HOW TO COMPLETE THIS TASK: Exactly as given, output all the records that follow.

SUPPLIED MATERIAL:
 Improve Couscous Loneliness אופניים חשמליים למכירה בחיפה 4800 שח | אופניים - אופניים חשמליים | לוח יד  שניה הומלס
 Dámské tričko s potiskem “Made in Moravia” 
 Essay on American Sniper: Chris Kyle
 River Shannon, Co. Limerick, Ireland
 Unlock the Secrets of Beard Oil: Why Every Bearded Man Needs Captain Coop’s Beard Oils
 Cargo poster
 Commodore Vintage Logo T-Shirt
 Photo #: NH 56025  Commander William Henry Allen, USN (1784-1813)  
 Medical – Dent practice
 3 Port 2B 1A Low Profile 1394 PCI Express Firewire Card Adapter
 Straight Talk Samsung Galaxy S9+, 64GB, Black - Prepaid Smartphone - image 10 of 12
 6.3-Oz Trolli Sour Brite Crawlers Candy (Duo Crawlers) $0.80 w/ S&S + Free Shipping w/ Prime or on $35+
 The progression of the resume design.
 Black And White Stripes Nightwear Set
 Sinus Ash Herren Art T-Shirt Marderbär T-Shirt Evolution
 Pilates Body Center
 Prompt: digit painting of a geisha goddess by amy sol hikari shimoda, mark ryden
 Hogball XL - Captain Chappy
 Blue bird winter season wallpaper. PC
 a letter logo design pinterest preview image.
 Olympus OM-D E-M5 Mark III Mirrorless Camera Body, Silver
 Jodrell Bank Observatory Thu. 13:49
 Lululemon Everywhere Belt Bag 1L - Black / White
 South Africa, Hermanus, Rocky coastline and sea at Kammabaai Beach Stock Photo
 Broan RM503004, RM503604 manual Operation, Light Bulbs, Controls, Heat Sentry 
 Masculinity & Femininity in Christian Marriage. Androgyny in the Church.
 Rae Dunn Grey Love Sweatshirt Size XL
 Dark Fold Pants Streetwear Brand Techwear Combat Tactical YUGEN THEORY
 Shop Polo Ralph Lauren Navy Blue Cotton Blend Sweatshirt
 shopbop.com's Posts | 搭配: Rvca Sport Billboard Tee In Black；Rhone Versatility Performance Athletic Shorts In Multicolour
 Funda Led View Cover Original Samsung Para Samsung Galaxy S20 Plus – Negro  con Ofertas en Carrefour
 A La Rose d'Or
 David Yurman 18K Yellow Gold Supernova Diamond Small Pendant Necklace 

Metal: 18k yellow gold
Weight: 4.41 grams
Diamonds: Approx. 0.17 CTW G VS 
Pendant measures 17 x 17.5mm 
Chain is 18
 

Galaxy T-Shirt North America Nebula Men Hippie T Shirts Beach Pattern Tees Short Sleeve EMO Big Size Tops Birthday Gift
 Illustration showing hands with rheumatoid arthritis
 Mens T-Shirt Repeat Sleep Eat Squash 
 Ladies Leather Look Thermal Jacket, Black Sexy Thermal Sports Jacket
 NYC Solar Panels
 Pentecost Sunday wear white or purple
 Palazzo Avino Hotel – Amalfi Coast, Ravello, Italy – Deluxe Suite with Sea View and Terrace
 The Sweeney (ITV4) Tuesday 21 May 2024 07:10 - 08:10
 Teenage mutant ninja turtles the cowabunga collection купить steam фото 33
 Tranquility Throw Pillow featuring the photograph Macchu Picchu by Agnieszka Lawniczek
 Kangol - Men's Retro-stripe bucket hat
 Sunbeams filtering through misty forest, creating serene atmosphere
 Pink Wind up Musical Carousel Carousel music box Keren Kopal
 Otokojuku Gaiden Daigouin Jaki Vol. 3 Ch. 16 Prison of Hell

RESPONSE TO THE TASK:
 Improve Couscous Loneliness אופניים חשמליים למכירה בחיפה 4800 שח | אופניים - אופניים חשמליים | לוח יד  שניה הומלס
 Dámské tričko s potiskem “Made in Moravia” 
 Essay on American Sniper: Chris Kyle
 River Shannon, Co. Limerick, Ireland
 Unlock the Secrets of Beard Oil: Why Every Bearded Man Needs Captain Coop’s Beard Oils
 Cargo poster
 Commodore Vintage Logo T-Shirt
 Photo #: NH 56025  Commander William Henry Allen, USN (1784-1813)  
 Medical – Dent practice
 3 Port 2B 1A Low Profile 1394 PCI Express Firewire Card Adapter
 Straight Talk Samsung Galaxy S9+, 64GB, Black - Prepaid Smartphone - image 10 of 12
 6.3-Oz Trolli Sour Brite Crawlers Candy (Duo Crawlers) $0.80 w/ S&S + Free Shipping w/ Prime or on $35+
 The progression of the resume design.
 Black And White Stripes Nightwear Set
 Sinus Ash Herren Art T-Shirt Marderbär T-Shirt Evolution
 Pilates Body Center
 Prompt: digit painting of a geisha goddess by amy sol hikari shimoda, mark ryden
 Hogball XL - Captain Chappy
 Blue bird winter season wallpaper. PC
 a letter logo design pinterest preview image.
 Olympus OM-D E-M5 Mark III Mirrorless Camera Body, Silver
 Jodrell Bank Observatory Thu. 13:49
 Lululemon Everywhere Belt Bag 1L - Black / White
 South Africa, Hermanus, Rocky coastline and sea at Kammabaai Beach Stock Photo
 Broan RM503004, RM503604 manual Operation, Light Bulbs, Controls, Heat Sentry 
 Masculinity & Femininity in Christian Marriage. Androgyny in the Church.
 Rae Dunn Grey Love Sweatshirt Size XL
 Dark Fold Pants Streetwear Brand Techwear Combat Tactical YUGEN THEORY
 Shop Polo Ralph Lauren Navy Blue Cotton Blend Sweatshirt
 shopbop.com's Posts | 搭配: Rvca Sport Billboard Tee In Black；Rhone Versatility Performance Athletic Shorts In Multicolour
 Funda Led View Cover Original Samsung Para Samsung Galaxy S20 Plus – Negro  con Ofertas en Carrefour
 A La Rose d'Or
 David Yurman 18K Yellow Gold Supernova Diamond Small Pendant Necklace 

Metal: 18k yellow gold
Weight: 4.41 grams
Diamonds: Approx. 0.17 CTW G VS 
Pendant measures 17 x 17.5mm 
Chain is 18
 

Galaxy T-Shirt North America Nebula Men Hippie T Shirts Beach Pattern Tees Short Sleeve EMO Big Size Tops Birthday Gift
 Illustration showing hands with rheumatoid arthritis
 Mens T-Shirt Repeat Sleep Eat Squash 
 Ladies Leather Look Thermal Jacket, Black Sexy Thermal Sports Jacket
 NYC Solar Panels
 Pentecost Sunday wear white or purple
 Palazzo Avino Hotel – Amalfi Coast, Ravello, Italy – Deluxe Suite with Sea View and Terrace
 The Sweeney (ITV4) Tuesday 21 May 2024 07:10 - 08:10
 Teenage mutant ninja turtles the cowabunga collection купить steam фото 33
 Tranquility Throw Pillow featuring the photograph Macchu Picchu by Agnieszka Lawniczek
 Kangol - Men's Retro-stripe bucket hat
 Sunbeams filtering through misty forest, creating serene atmosphere
 Pink Wind up Musical Carousel Carousel music box Keren Kopal
 Otokojuku Gaiden Daigouin Jaki Vol. 3 Ch. 16 Prison of Hell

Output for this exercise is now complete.